16 Tweets 6 reads May 17, 2022
In fact the opposite is true. I have nothing against Buddhism as it is part of Dharma but then these nincompoops have forced people like me to call out their bluff based on Marxist propaganda and fraudulent scholarship.
Source: Journal of the Pali Text Society 1896 by Thomas William Rhys Davids (Scholar of the Pāli language and founder of the Pāli Text Society) Page 87-92
Myths of Persecution of Buddhists
1. Mahirakula, King of Kashmir & his invasion of Gandhara.
Truth: He was the last Alchon Hun king.
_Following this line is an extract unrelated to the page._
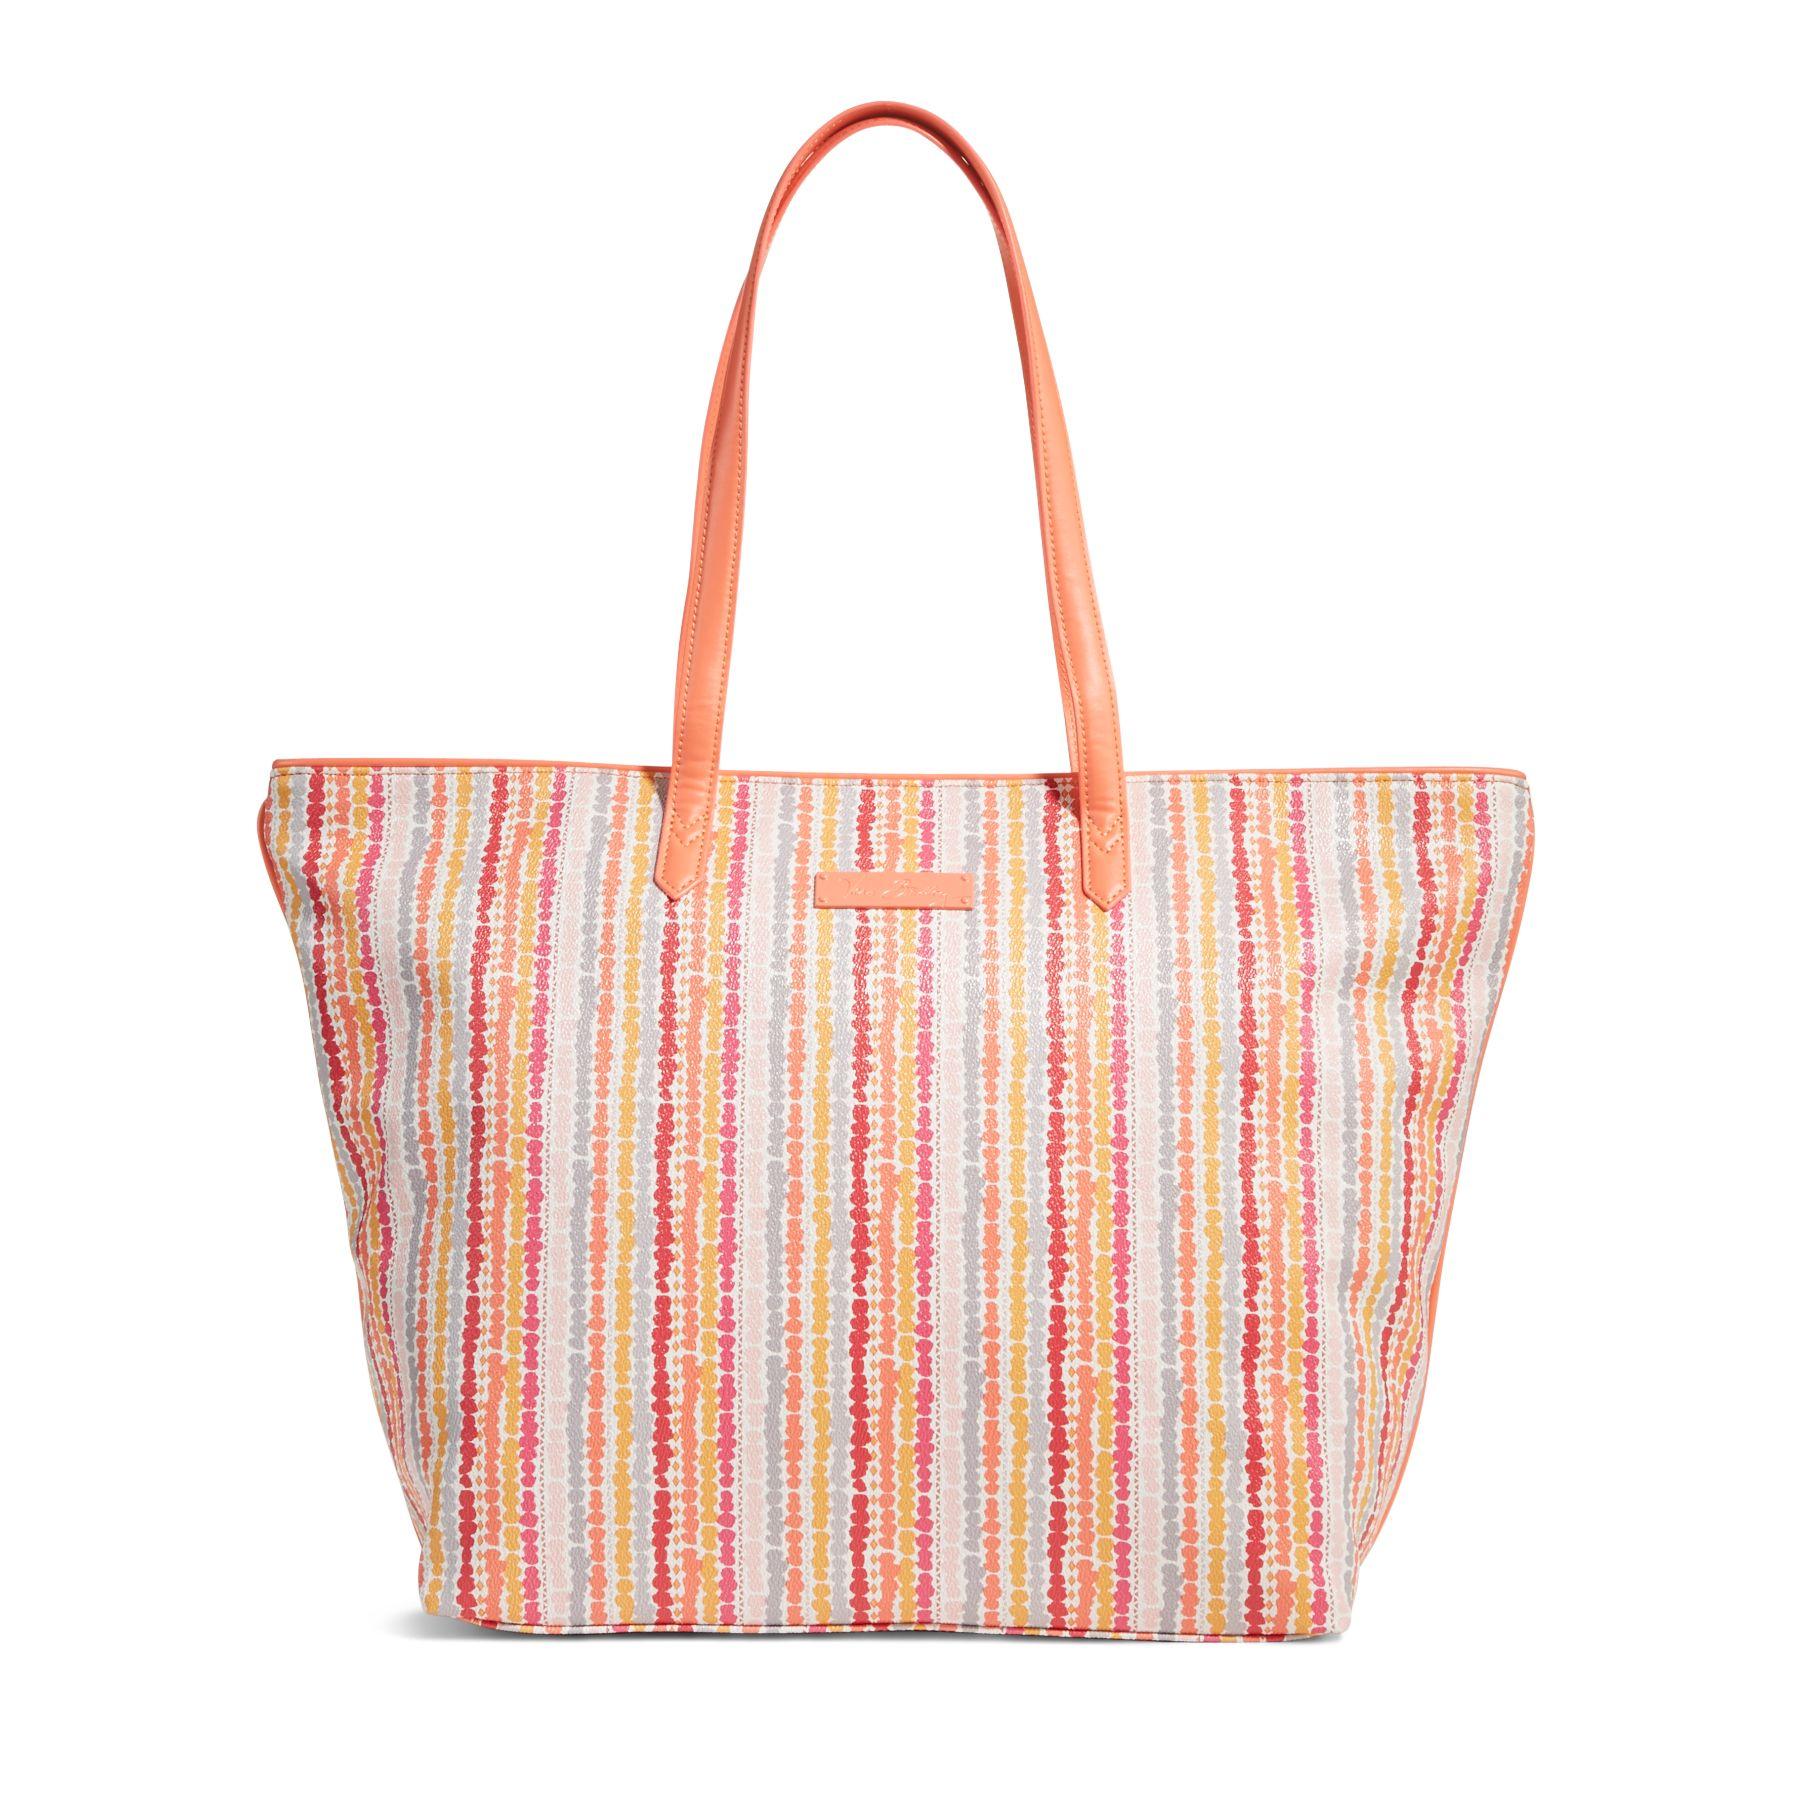 Vera Bradley Big Tote Bag

Acc. to Chinese Buddhist pilgrim Song Yun, Mihirakula "does not believe in any religion", the Brahmins who live in his kingdom & read their sacred texts do not like him.
2. Shashanka, King of Bengal.
Truth: Flourishing condition of the Buddhist University at Nalanda, where Hiuen Tsang himself studied & existence of a no. of monasteries in Shashanka's kingdom including the Raktamrttika-Mahavihara goes against the evidence of Hiuen Tsang.
3. Pushyamitra
Truth: Étienne Lamotte points out that Buddhist legends are not consistent about location of Pushyamitra's anti-Buddhist campaign & his death. (cont.)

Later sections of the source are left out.